TimescaleDB for Time-Series Data¶
TimescaleDB is an open-source database designed to make SQL scalable for time-series data. It is engineered up from PostgreSQL, providing automatic partitioning across time and space, while retaining the standard PostgreSQL interface.
PostgREST turns your PostgreSQL database directly into a RESTful API, since TimescaleDB is packaged as a PostgreSQL extension it works with PostgREST as well.
In this tutorial we’ll explore some of TimescaleDB features through PostgREST.
Run TimescaleDB¶
First, let’s pull and start the TimescaleDB container image:
docker run --name tsdb_tut \
-e POSTGRES_PASSWORD=mysecretpassword \
-p 5433:5432 \
-d timescale/timescaledb:latest-pg11
This will run the container as a daemon and expose port 5433
to the host system so that it doesn’t conflict with another PostgreSQL installation.
Set up TimescaleDB¶
Now, we’ll create the timescaledb
extension in our database.
Run psql
in the container we created in the previous step.

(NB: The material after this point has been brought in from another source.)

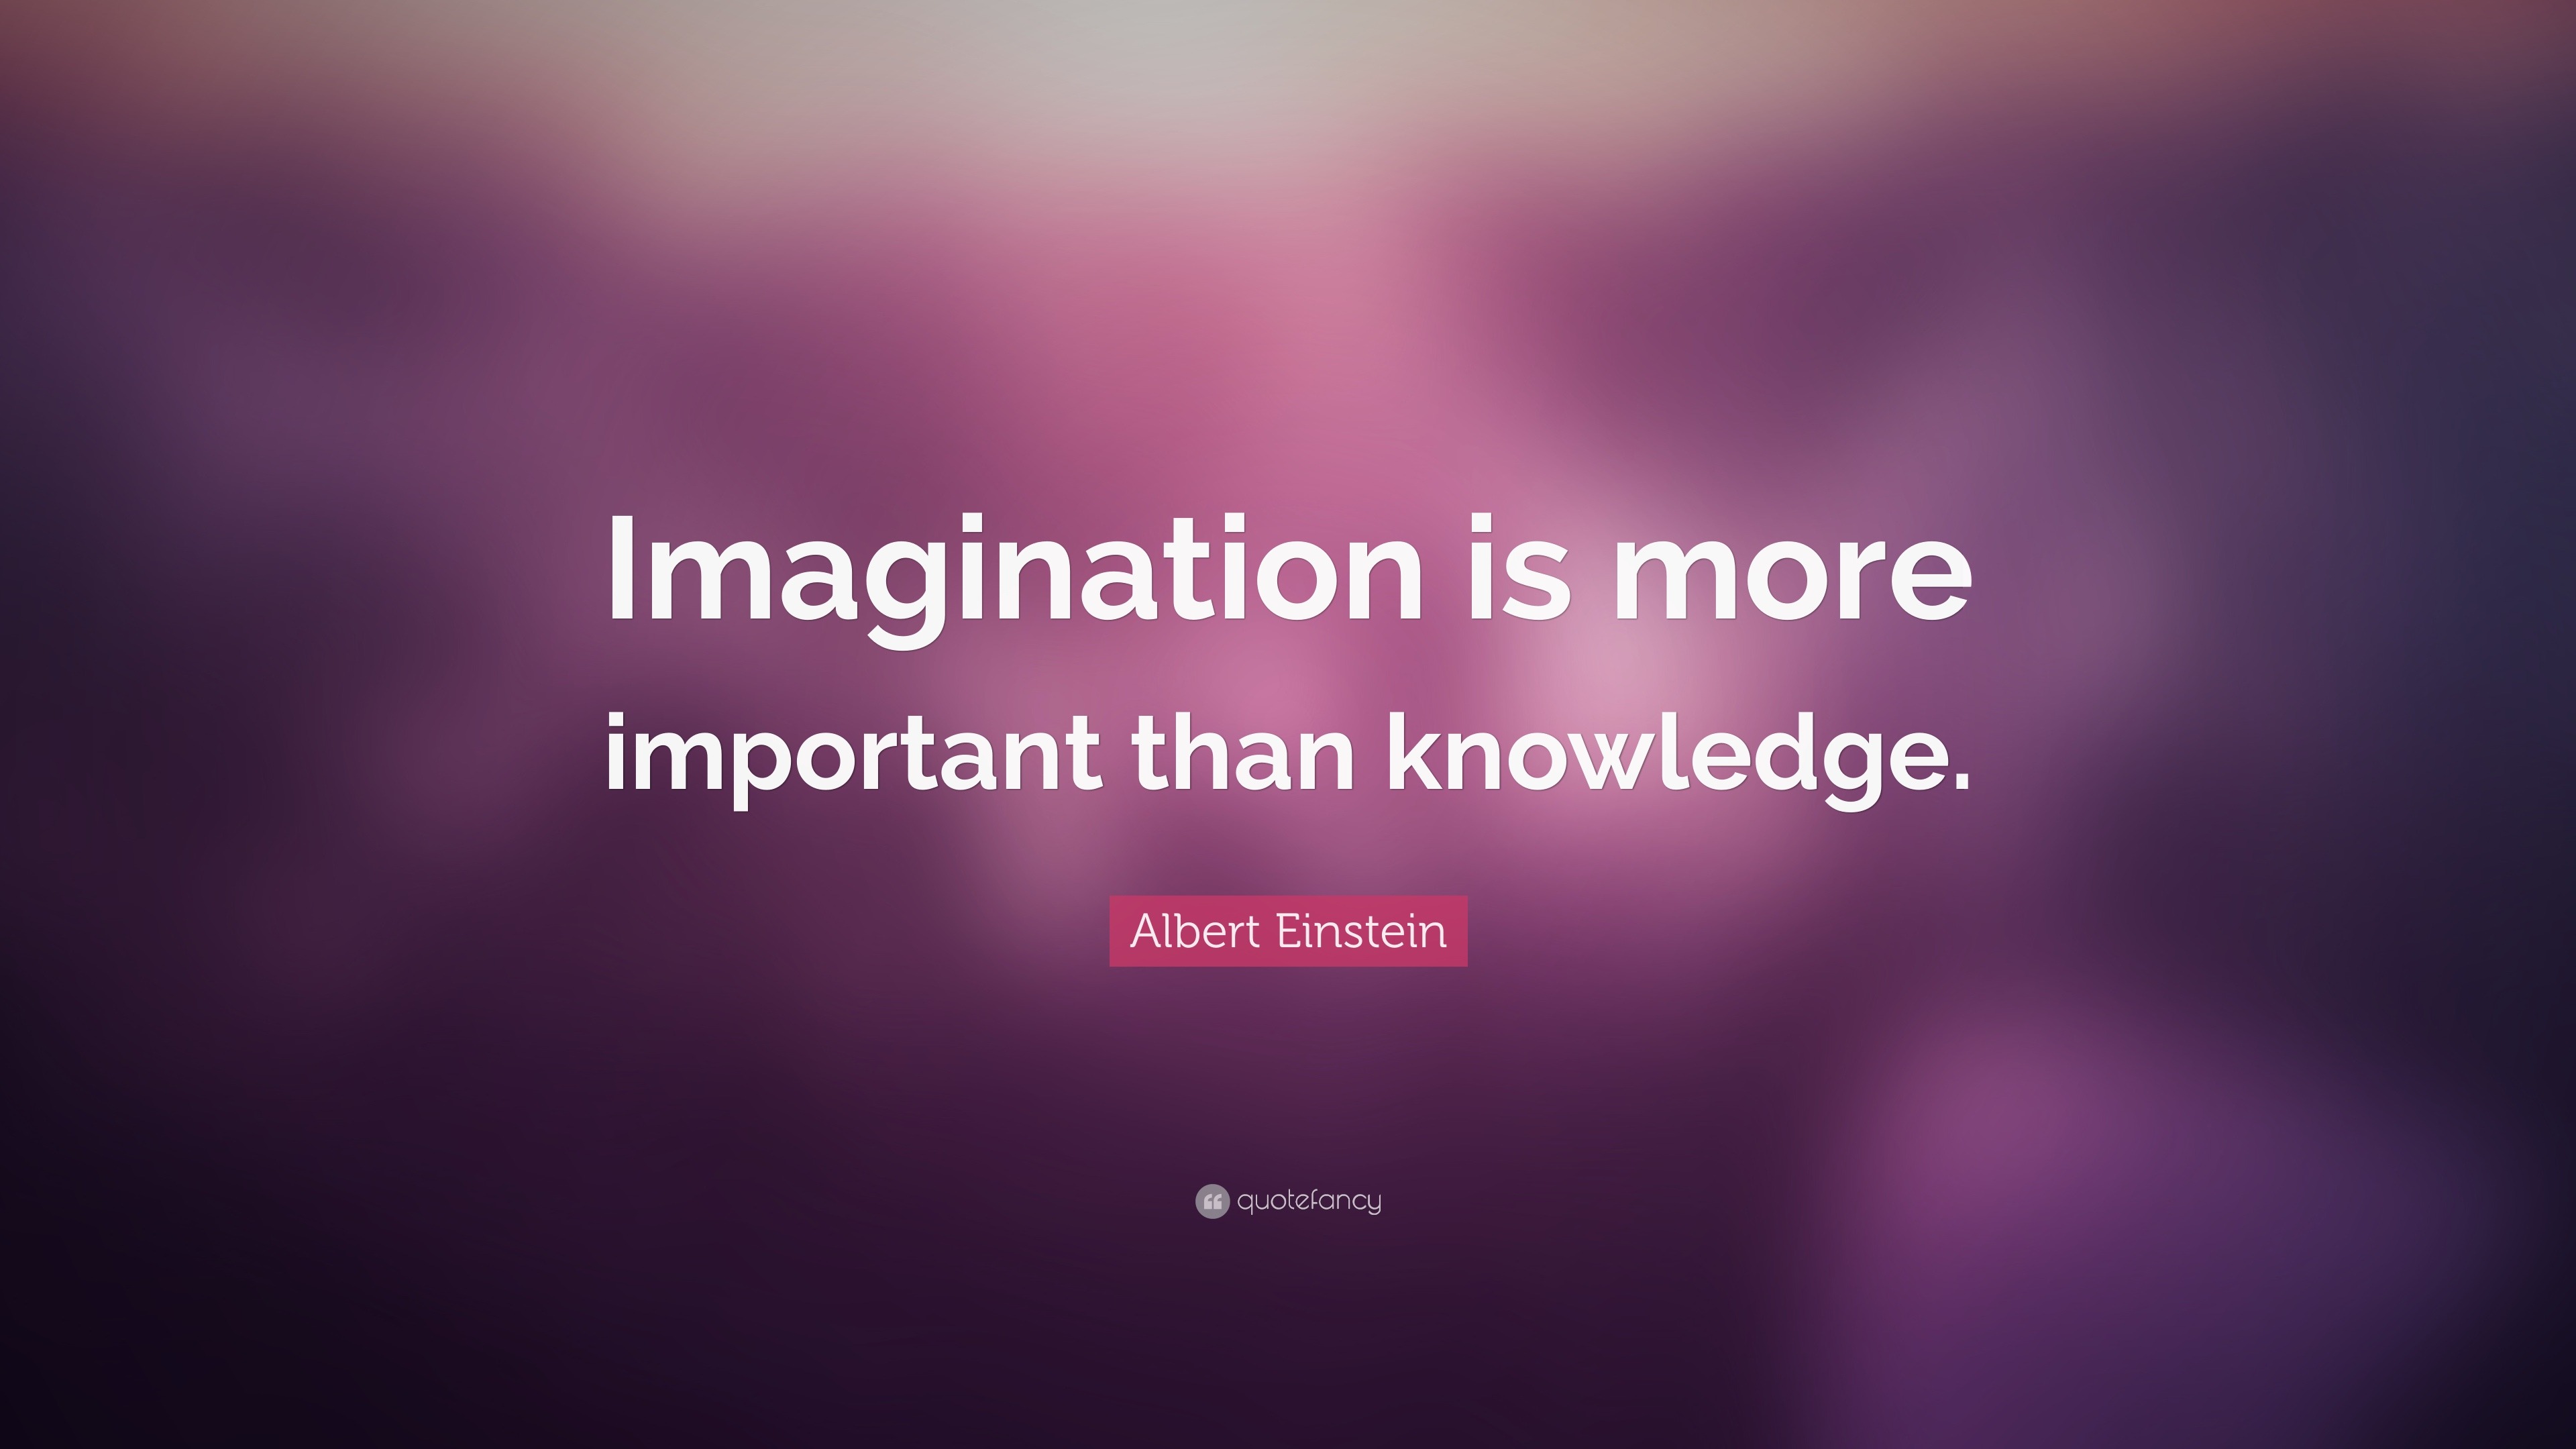 imagination is more important than knowledge essay outline

docker exec -it tsdb_tut psql -U postgres
## Run all the following commands inside psql
And create the extension:
create extension if not exists timescaledb cascade;
Create an Hypertable¶
Hypertables are the core abstraction TimescaleDB offers for dealing with time-series data.
To create an hypertable
, first we need to create standard PostgreSQL tables:
create table if not exists locations(
device_id text primary key
, location text
, environment text
);
create table if not exists conditions(
time timestamp with time zone not null
, device_id text references locations(device_id)
, temperature numeric
, humidity numeric
);
Now, we’ll convert conditions
into an hypertable with create_hypertable:
SELECT create_hypertable('conditions', 'time', chunk_time_interval => interval '1 day');
-- This also implicitly creates an index: CREATE INDEX ON "conditions"(time DESC);
-- Exit psql
exit
Load sample data¶
To have some data to play with, we’ll download the weather_small
data set from TimescaleDB’s sample datasets.

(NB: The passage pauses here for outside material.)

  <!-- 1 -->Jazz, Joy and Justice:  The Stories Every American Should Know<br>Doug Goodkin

## Run bash inside the database container
docker exec -it tsdb_tut bash
## Download and uncompress the data
wget -qO- https://timescaledata.blob.core.windows.net/datasets/weather_small.tar.gz | tar xvz
## Copy data into the database
psql -U postgres <<EOF
\COPY locations FROM weather_small_locations.csv CSV
\COPY conditions FROM weather_small_conditions.csv CSV
EOF
## Exit bash
exit
Run PostgREST¶
For the last step in the setup, pull and start the official PostgREST image:
docker run --rm -p 3000:3000 \
--name tsdb_pgrst \
--link tsdb_tut \
-e PGRST_DB_URI="postgres://postgres:mysecretpassword@tsdb_tut/postgres" \
-e PGRST_DB_ANON_ROLE="postgres" \
-d postgrest/postgrest:latest
PostgREST on Hypertables¶
We’ll now see how to read data from hypertables through PostgREST.

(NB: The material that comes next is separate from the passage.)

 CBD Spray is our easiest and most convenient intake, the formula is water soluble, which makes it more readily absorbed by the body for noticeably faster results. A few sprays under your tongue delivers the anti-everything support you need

Since hypertables can be queried using standard SELECT statements, we can query them through PostgREST normally.
Suppose we want to run this query on conditions
:
select
time,
device_id,
humidity
from conditions
where
humidity > 90 and
time < '2016-11-16'
order by time desc
limit 10;
Using PostgREST horizontal/vertical filtering, this query can be expressed as:
curl -G "localhost:3000/conditions" \
-d select=time,device_id,humidity \
-d humidity=gt.90 \
-d time=lt.2016-11-16 \
-d order=time.desc \
-d limit=10
## This command is equivalent to:
## curl "localhost:3000/conditions?select=time,device_id,humidity&humidity=gt.90&time=lt.2016-11-16&order=time.desc&limit=10"
## Here we used -G and -d to make the command more readable
The response will be:
[{"time":"2016-11-15T23:58:00+00:00","device_id":"weather-pro-000982","humidity":90.90000000000006},
{"time":"2016-11-15T23:58:00+00:00","device_id":"weather-pro-000968","humidity":92.3},
{"time":"2016-11-15T23:58:00+00:00","device_id":"weather-pro-000963","humidity":96.29999999999993},
{"time":"2016-11-15T23:58:00+00:00","device_id":"weather-pro-000951","humidity":94.39999999999998},
{"time":"2016-11-15T23:58:00+00:00","device_id":"weather-pro-000950","humidity":93.69999999999982},
{"time":"2016-11-15T23:58:00+00:00","device_id":"weather-pro-000915","humidity":94.69999999999997},
{"time":"2016-11-15T23:58:00+00:00","device_id":"weather-pro-000911","humidity":93.2000000000001},
{"time":"2016-11-15T23:58:00+00:00","device_id":"weather-pro-000910","humidity":91.30000000000017},
{"time":"2016-11-15T23:58:00+00:00","device_id":"weather-pro-000901","humidity":92.30000000000005},
{"time":"2016-11-15T23:58:00+00:00","device_id":"weather-pro-000895","humidity":91.00000000000014}]
JOINs with relational tables¶
Hypertables support all standard PostgreSQL constraints . We can make use of the foreign key defined on locations
to make a JOIN through PostgREST. A query such as:
select
c.time,
c.temperature,
l.location,
l.environment
from conditions c
left join locations l on
c.device_id = l.device_id
order by time desc
limit 10;
Can be expressed in PostgREST by using Resource Embedding.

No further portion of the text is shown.